THE DIVE É um bar simples perto do campus. Tudo aqui já viu dias melhores, desde o balcão do bar até as cabines que revestem as paredes e a pintura do teto. Por outro lado, as bebidas são baratas, a música é alta e o ambiente é descontraído. A maioria são estudantes aqui na maioria dos dias. Esta noite, toda a equipe apareceu e convidou todos que conhecem, então, quando chego lá, só há lugar para ficar em pé.
Na frente da sala há um pequeno palco e uma pista de dança ainda menor. Alguma banda que eu nunca vi ou ouvi antes está tocando no palco. Eles não são ruins. Isso também não quer dizer que sejam bons, mas combinam com a vibração deste lugar.
Pego uma cerveja e abro caminho no meio da multidão até o fundo da sala, onde Soren, Bailey e alguns outros caras do time estão instalados.
Uma das garotas se levanta com um sorriso e se senta no colo de Soren, então pego o lugar que ela deixou livre na cabine.
Wuxian aparece cerca de vinte minutos depois das dez. Ele fica parado perto da porta e olha em volta, alto o suficiente para ser facilmente visível acima da cabeça da maioria das pessoas. Paro um momento apenas para olhar para ele, já que ele ainda não me notou.
Tudo dentro de mim gira e flui e incha. Torce-se em nós e desfaz-se na próxima respiração.
Estou muito além da minha cabeça e nem me importo.
Eu quero ele.
Tudo sobre Wei Wuxian me chama a atenção.
Seu corpo alto e magro.
Seu cabelo bagunçado.
Sua voz rouca.
As piadas sardônicas que constituem metade de seu vocabulário.
A maneira como ele baixa a guarda perto de mim e somente de mim.
E então algo mais acontece.
Algo muito maior.
Eu posso nos ver juntos. Posso me ver daqui a cinco anos, em um futuro que inclui Wuxian.
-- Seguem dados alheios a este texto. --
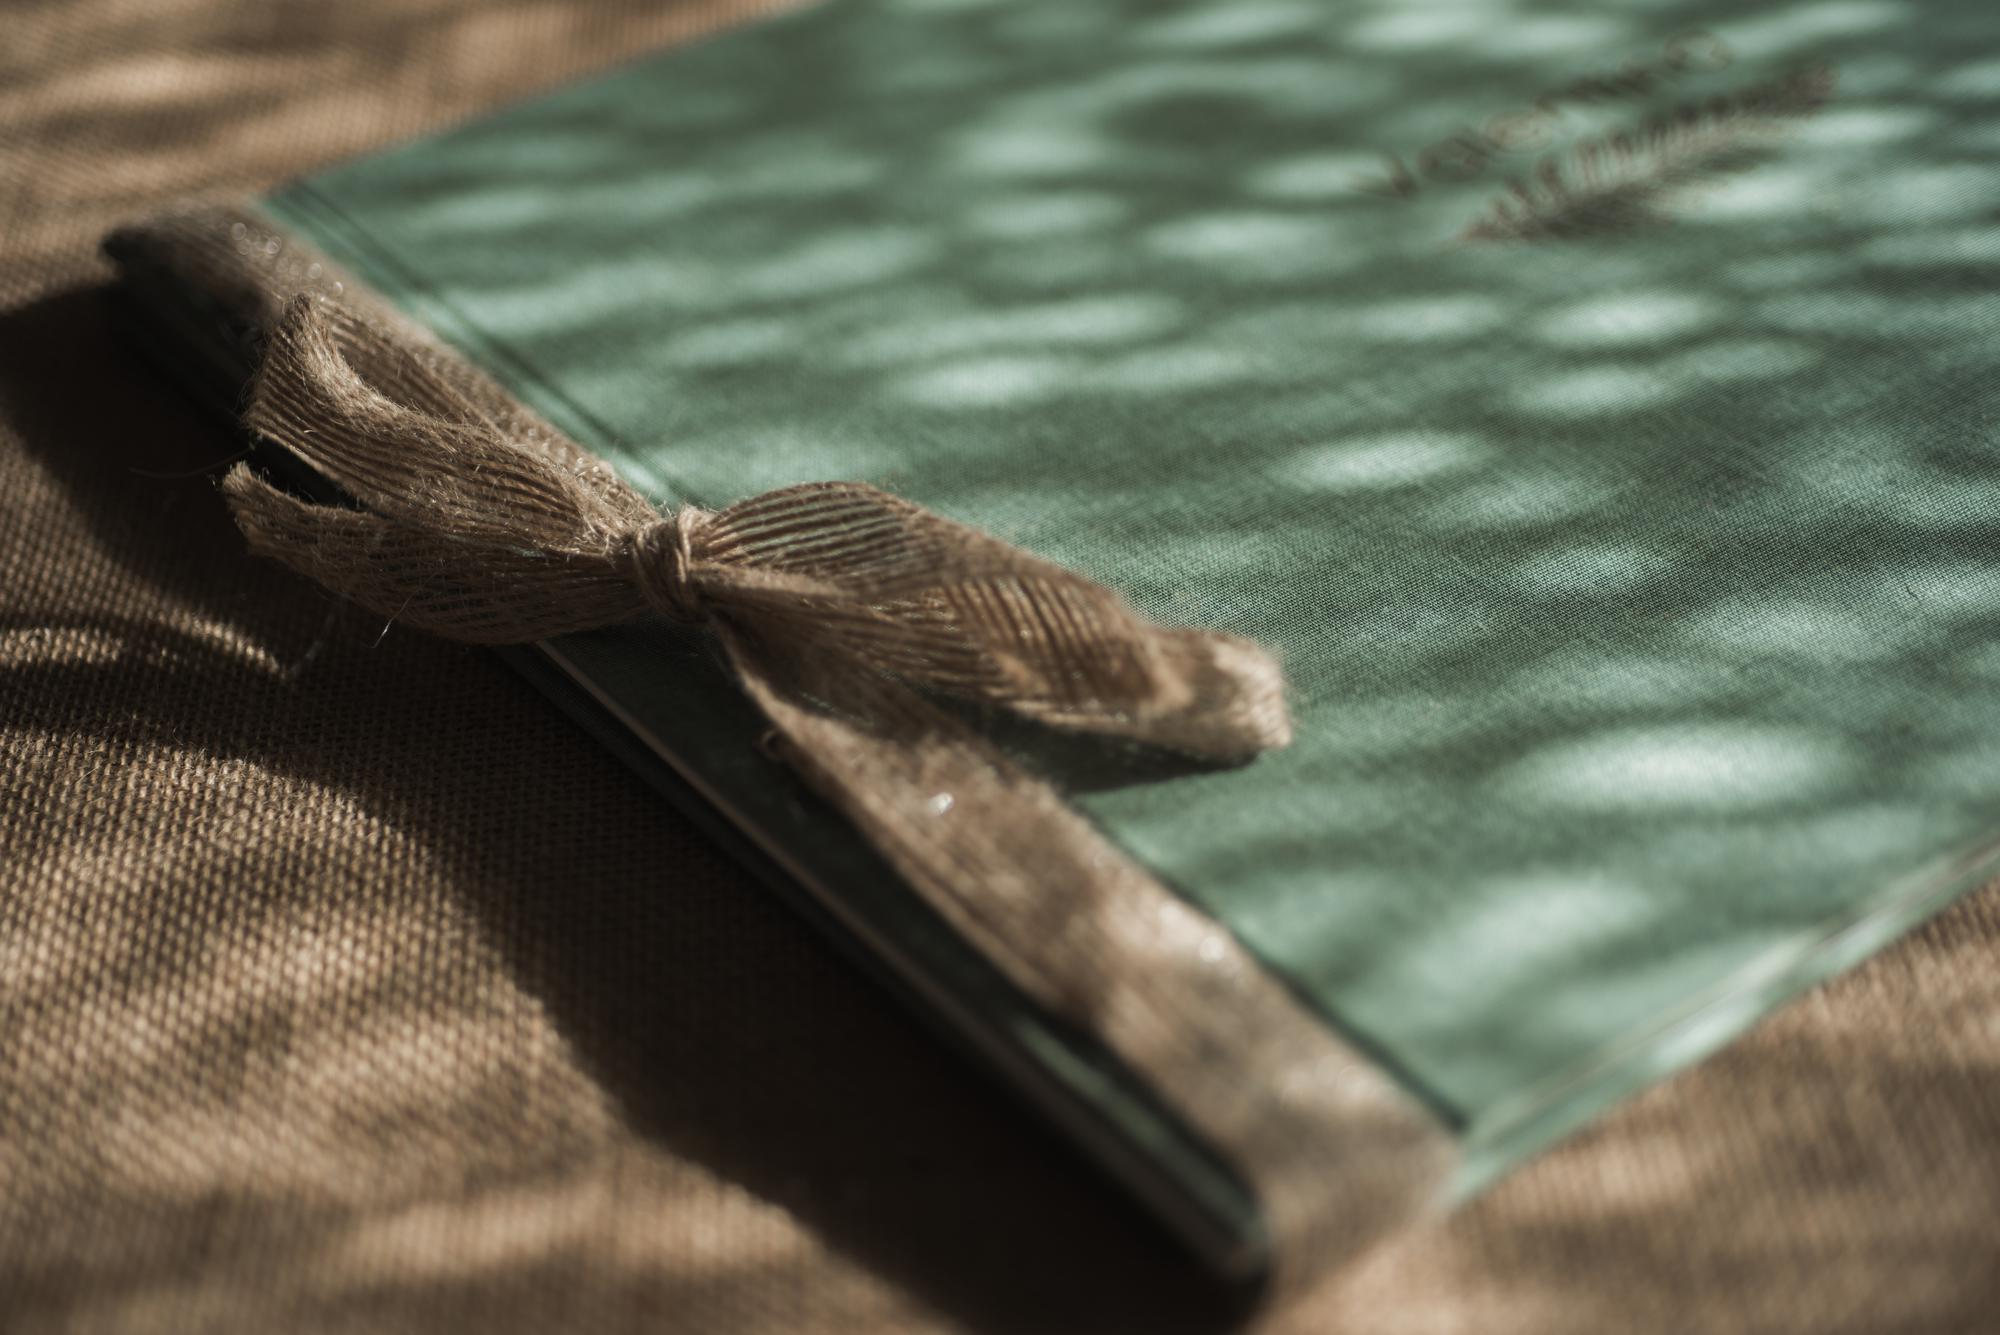 Carpeta en verde jaspeado con lazo de lino natural

Posso me ver feliz com ele porque… estou agora. Mais feliz do que nunca.
A única questão é o que Wuxian pensa sobre isso. Tenho certeza que ele tem pensamentos. Ele sempre faz isso.
Os olhos de Wuxian pousam em mim, então. Ele não sorri para mim. Não se anima visivelmente. Não corre em minha direção.
Ele é ilegível para o resto da população do mundo. Mas não para mim.
E isso não me faz sentir especial?
Ele começa a abrir caminho no meio da multidão, vestido com uma calça jeans preta justa, botas pretas e um suéter preto solto com as mangas arregaçadas ao acaso. Ele é mais gostoso do que qualquer pessoa tem o direito de ser.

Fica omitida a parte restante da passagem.